Also, the majority of MI analysis I've seen with continuous variables
discretize the data into arbitrary bins. Is this procedure actually valid?
I'd think by discretizing continuous data we would be losing important
variation in the data.

> For estimating mutual information on continuous variables, have a look at
> the corresponding package
> https://pypi.org/project/mutual-info/
> > Hello,
>
> > I have two continuous variables (heart rate samples over a period of
> time), and
> > would like to compute mutual information between them as a measure of
> > similarity.
>
> > I've read some posts suggesting to use the mutual_info_score from
> scikit-learn
> > but will this work for continuous variables? One stackoverflow answer
> suggested
> > converting the data into probabilities with np.histogram2d() and passing
> the
> > contingency table to the mutual_info_score.

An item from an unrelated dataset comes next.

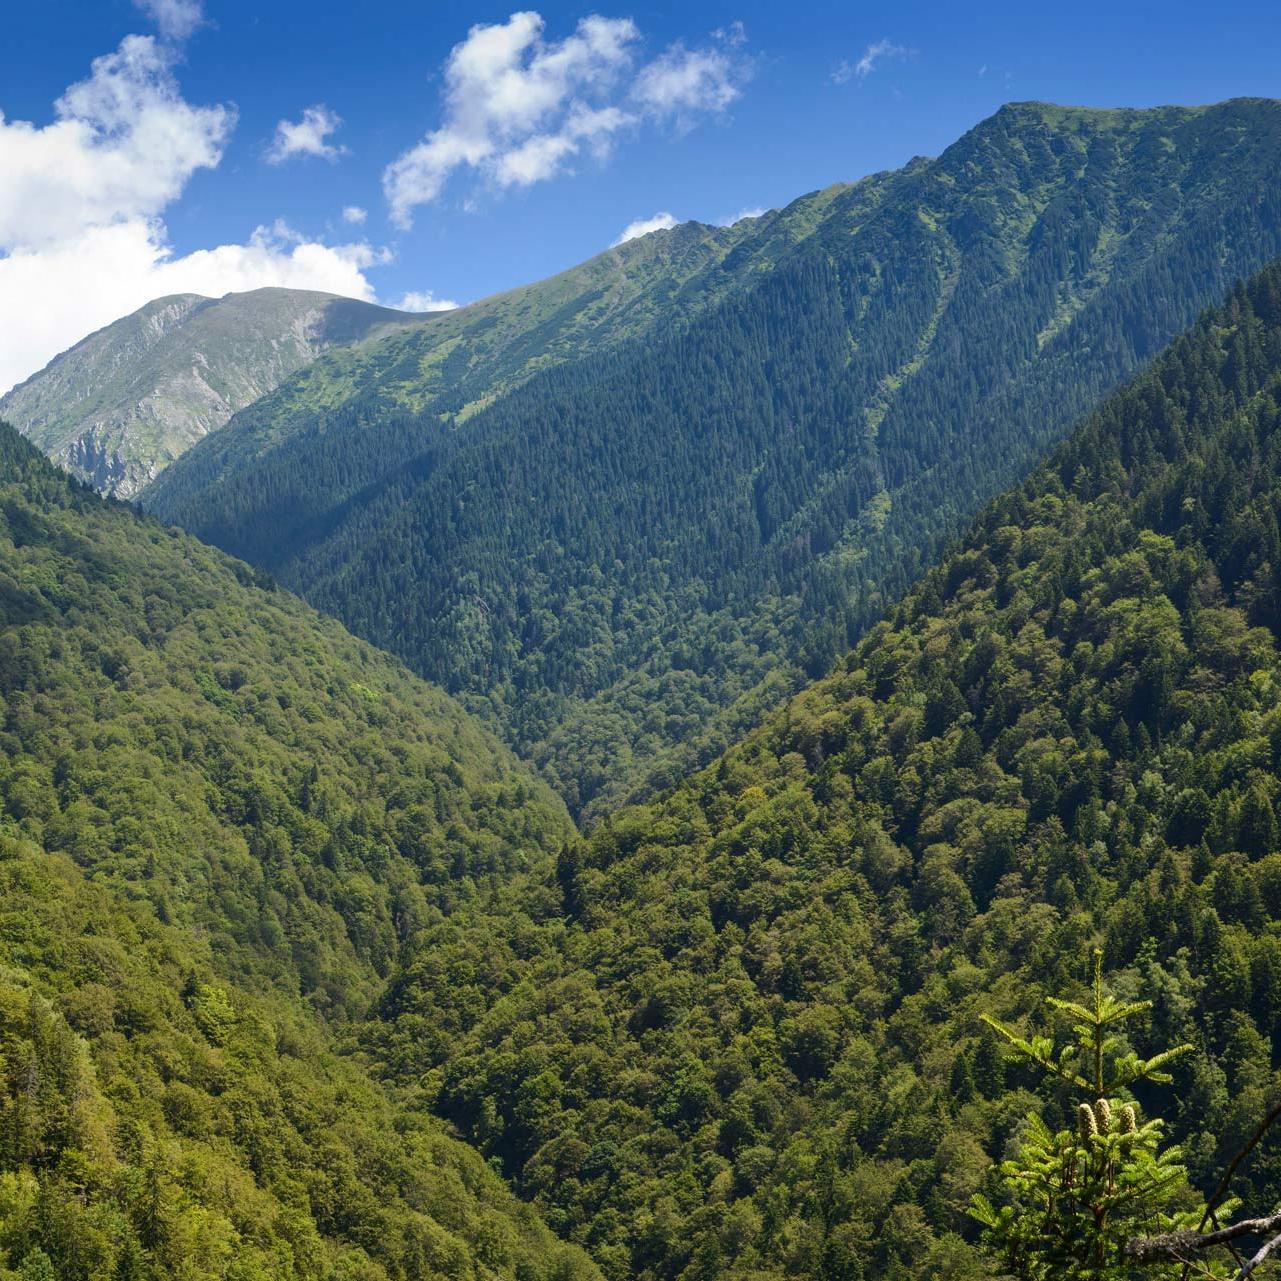 Das bewaldete Gebirgstal von Boia Mica in Rumänien.

> > from sklearn.metrics import mutual_info_score
> > def calc_MI(x, y, bins):
> >     c_xy = np.histogram2d(x, y, bins)[0]
> >     mi = mutual_info_score(None, None, contingency=c_xy)
> >     return mi
> > # generate data
> > L = np.linalg.cholesky( [[1.0, 0.60], [0.60, 1.0]])
> > uncorrelated = np.random.standard_normal((2, 300))
> > correlated = np.dot(L, uncorrelated)
> > A = correlated[0]
> > B = correlated[1]
> > x = (A - np.mean(A)) / np.std(A)
> > y = (B - np.mean(B)) / np.std(B)
> > # calculate MI
> > mi = calc_MI(x, y, 50)
>
> > Is calc_MI a valid approach? I'm asking because I also read that when
> variables
> > are continuous, then the sums in the formula for discrete data become
> > integrals, but I'm not sure if this procedure is implemented in
> scikit-learn?
> > Thanks!
>